Patristique (Dogmatique de Macaire Boulgakov) : l'immutabilité du Symbole de Nicée-Constantinople
Théologie Dogmatique - Macaire Boulgakov
Introduction - Tome 1
De l’idée que nous avons offerte des dogmes chrétiens, ressort naturellement la divinité de leur origine à tous. Ainsi personne n’a le droit d’en augmenter ou d’en diminuer le nombre, ni de les changer ou de les altérer en quoi que ce soit : tout ce qu’il a plu à Dieu d’en révéler au commencement doit être maintenu tant que subsistera le christianisme.

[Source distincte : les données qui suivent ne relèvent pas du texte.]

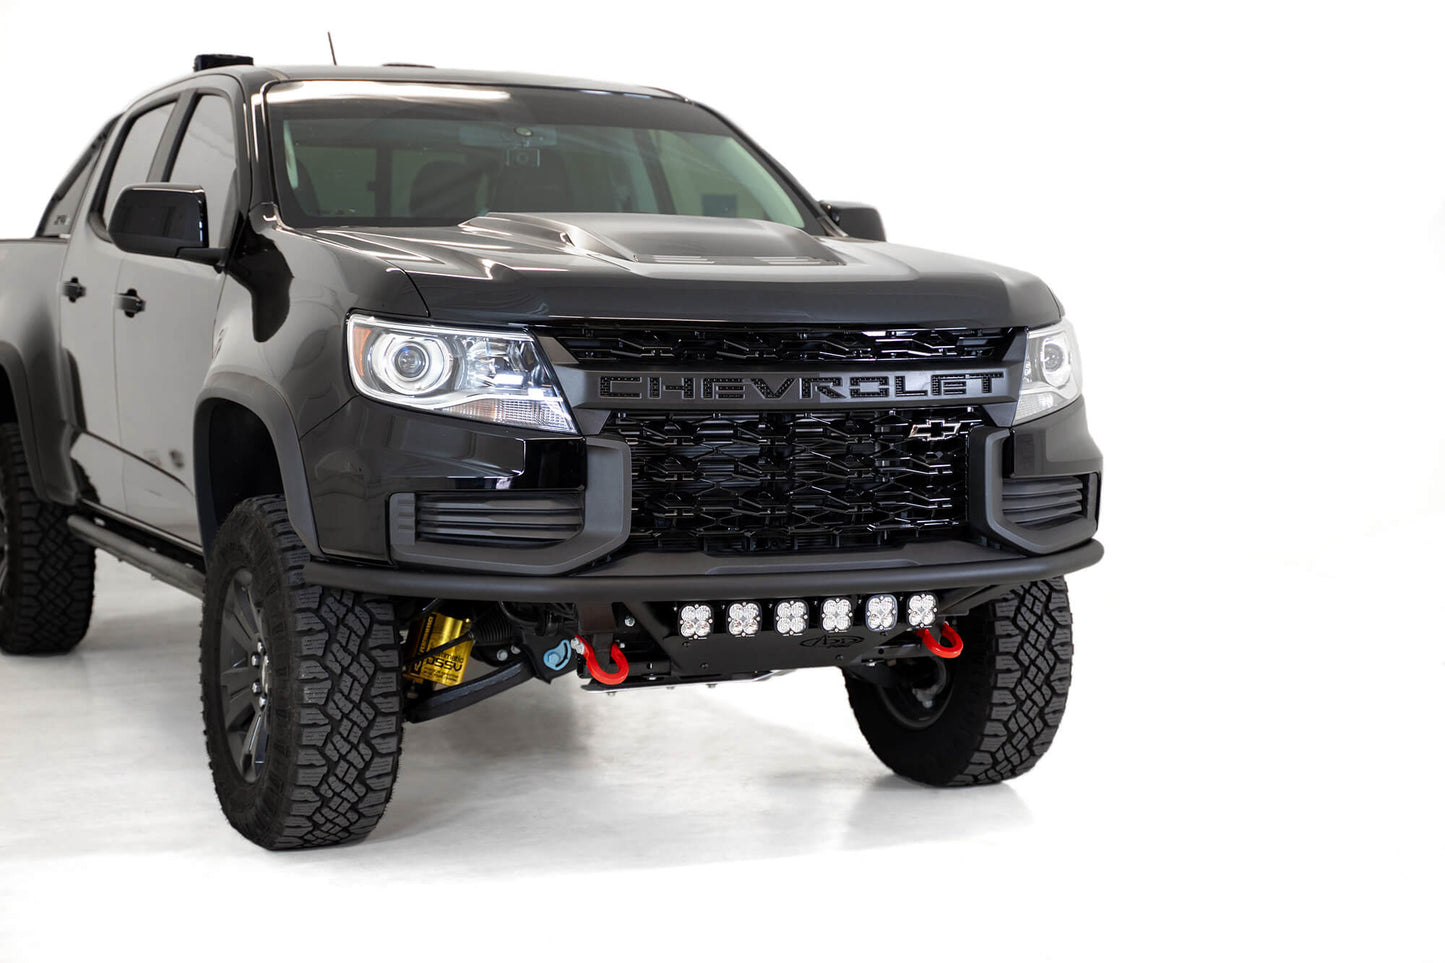 Installed on Car ADD PRO Bolt-on Front Bumper | Heritage | 2021 - 2022 Chevy Colorado ZR2

Cependant quoique invariables dans la révélation même, soit pour leur nombre soit pour leur nature, les dogmes de la foi doivent être développés dans l’Eglise, comme ils le sont, en effet, par rapport aux croyants.
Du moment même où les hommes commencèrent à s’approprier les dogmes enseignés dans la révélation et à les faire descendre au niveau de leurs conceptions individuelles, ces vérités saintes durent se représenter diversement aux différents individus (il en est ainsi de toute vérité qui devient la propriété de la pensée humaine) ; il dut inévitablement se manifester, et il se manifesta, en effet diverses opinions, divers doutes à l’endroit des dogmes, même différentes altérations de ces dogmes, ou des hérésies volontaires et involontaires. Pour préserver les fidèles de tant d’incertitudes, pour leur montrer à quoi et de quelle manière ils devaient croire, appuyés sur la révélation, l’Eglise leur proposa dès le principe, suivant la tradition des Saints Apôtres eux-mêmes, des modèles abrégés ou des symboles de foi (1). Là, en peu de mots, étaient exposés dans leur ensemble tous les dogmes fondamentaux du christianisme, et chaque article avait une double portée : d’un côté il montrait la vérité de la révélation, que les fidèles devaient admettre comme dogme de foi ; et, de l’autre, il les préservait de telle hérésie contre laquelle il était dirigé (2). Il en fut ainsi pendant les trois premiers siècles du christianisme. Il n’y avait pas alors dans l’Eglise un symbole unique ; il y en avait plusieurs, identiques pour l’esprit, mais différents quant à la lettre (3). Ils renfermaient presque tous certaines particularités, dirigées contre telle ou telle erreur qui avait surgi dans les lieux où ils étaient en usage (4). L’un de ces symboles est resté jusqu’à présent en grande considération dans l’Eglise orthodoxe : c’est celui de Saint Grégoire le Thaumaturge, qui expose contre Sabellius et Paul de Samosate, la doctrine des attributs et de l’égalité parfaite de chacune des personnes de la très Sainte-Trinité (5).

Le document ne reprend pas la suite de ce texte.